§ Exercise aim:
Repeat every line of the listing below exactly, minus the pictures.

§ Source material:
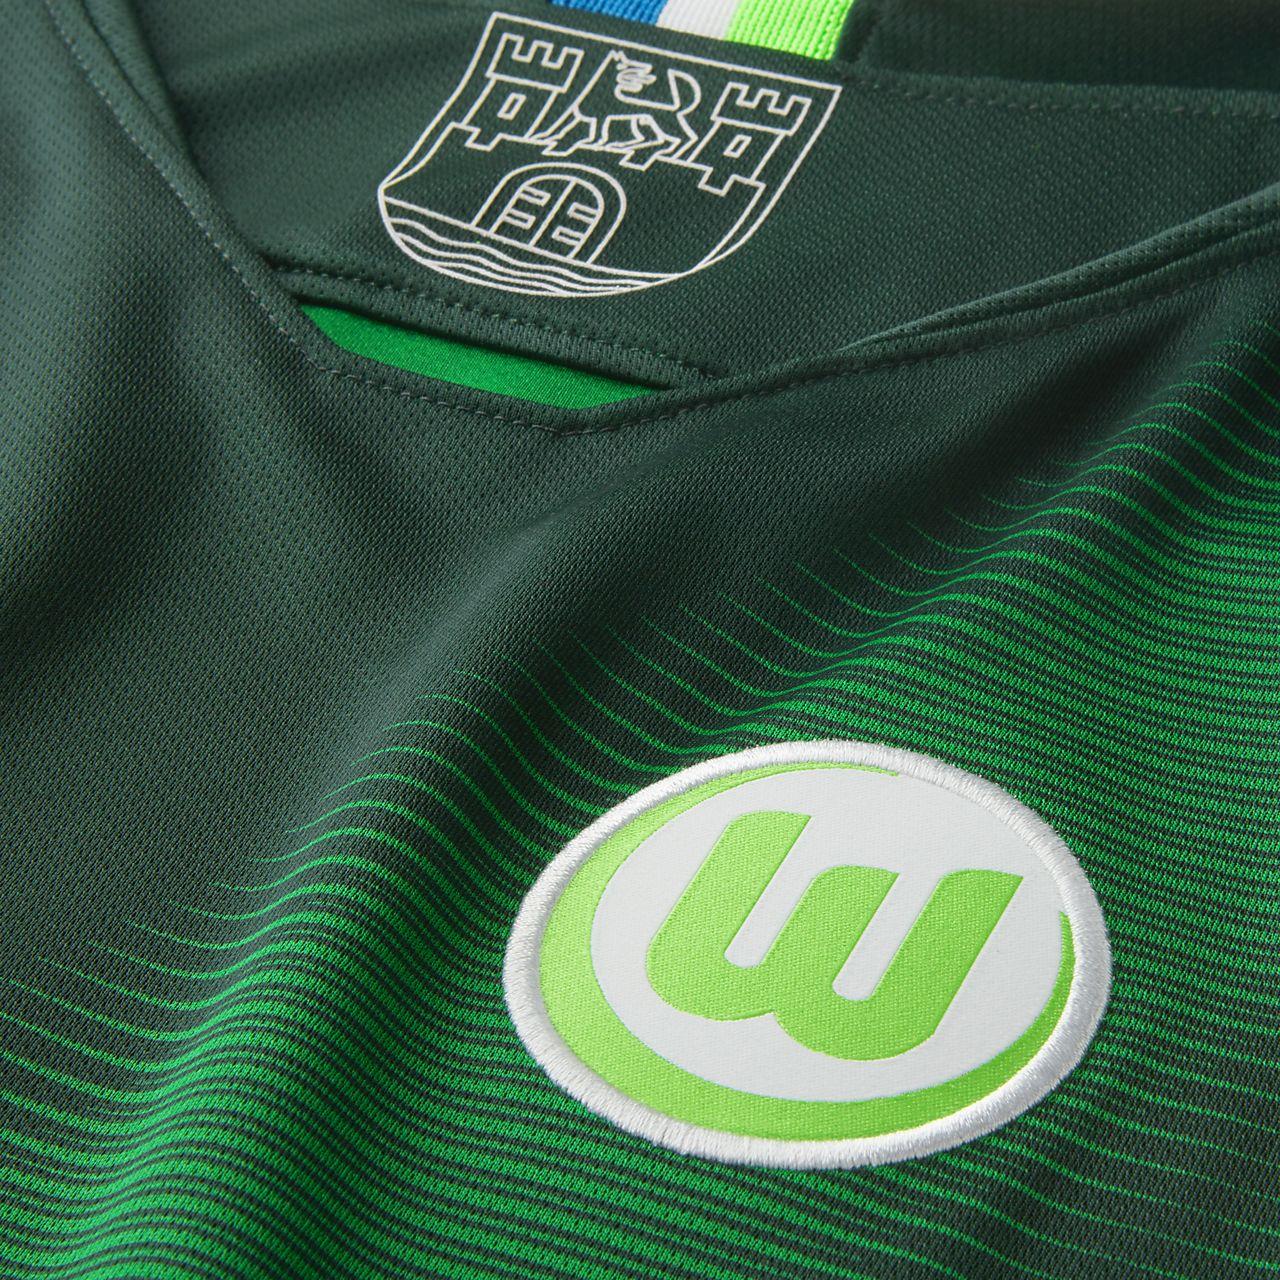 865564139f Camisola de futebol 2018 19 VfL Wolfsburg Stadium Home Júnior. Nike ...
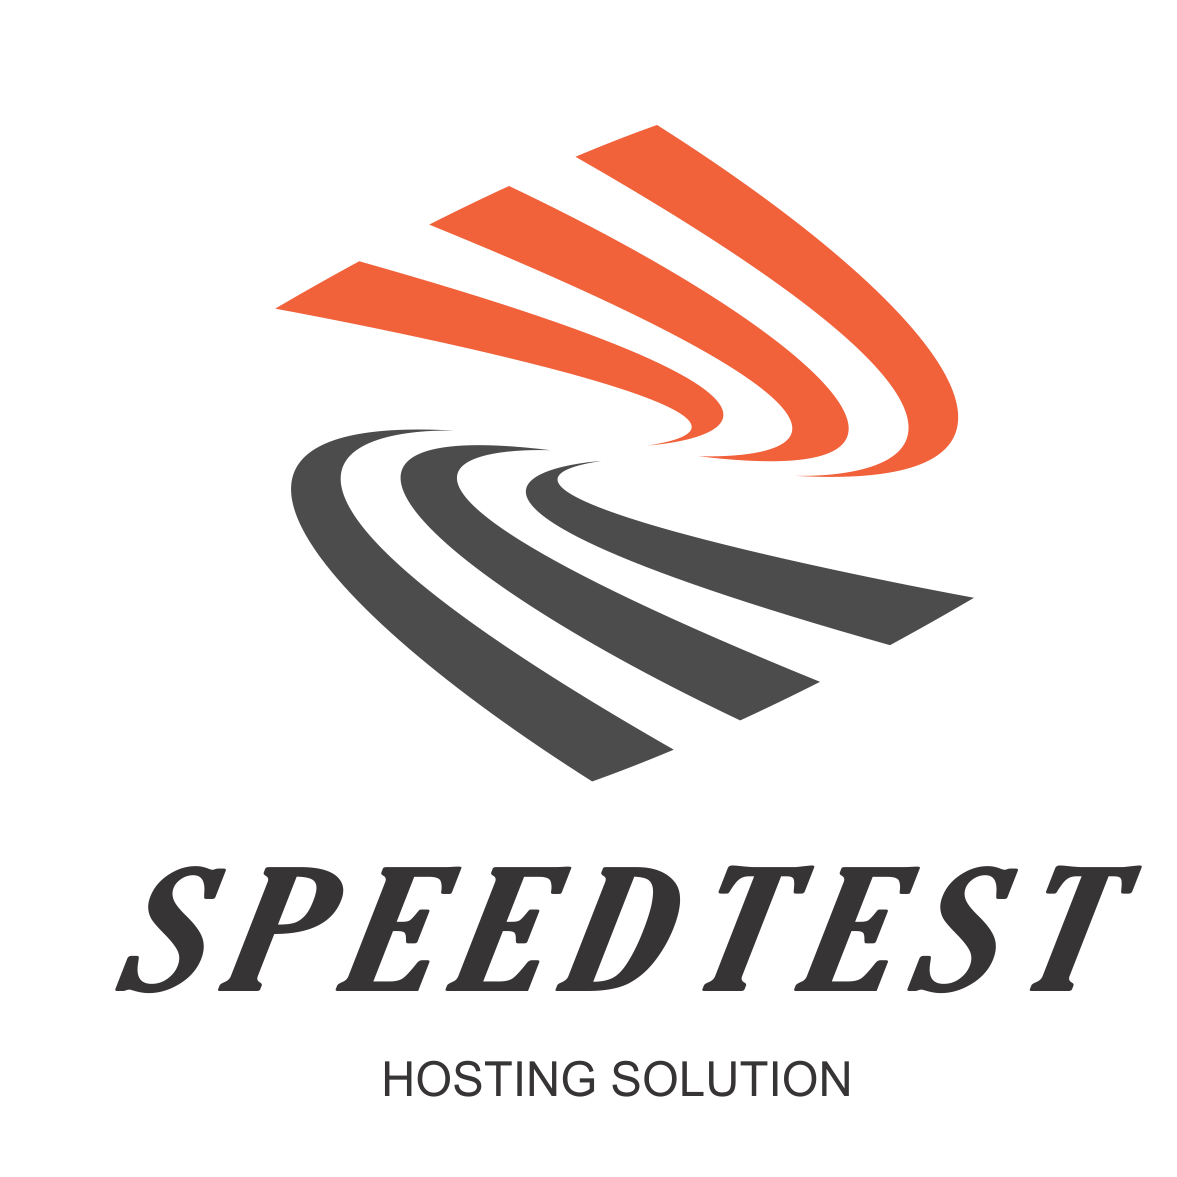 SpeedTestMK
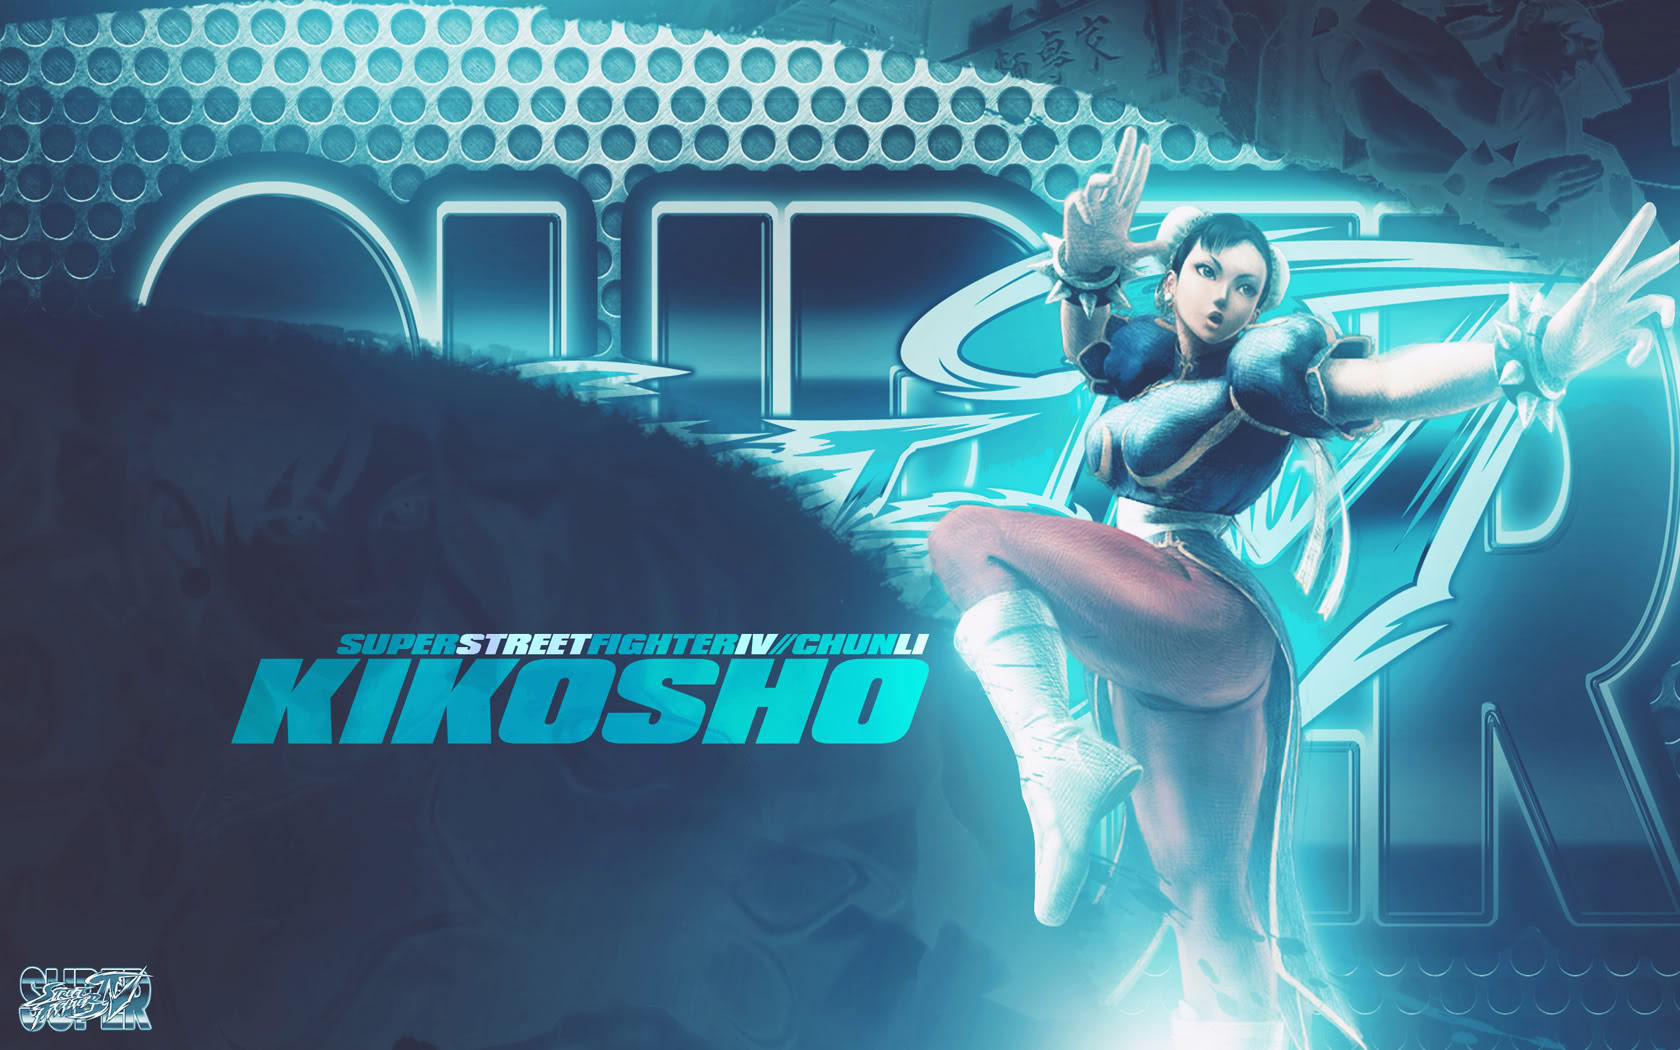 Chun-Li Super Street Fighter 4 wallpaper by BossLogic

§ Response for this exercise:
 865564139f Camisola de futebol 2018 19 VfL Wolfsburg Stadium Home Júnior. Nike ...
 SpeedTestMK
 Chun-Li Super Street Fighter 4 wallpaper by BossLogic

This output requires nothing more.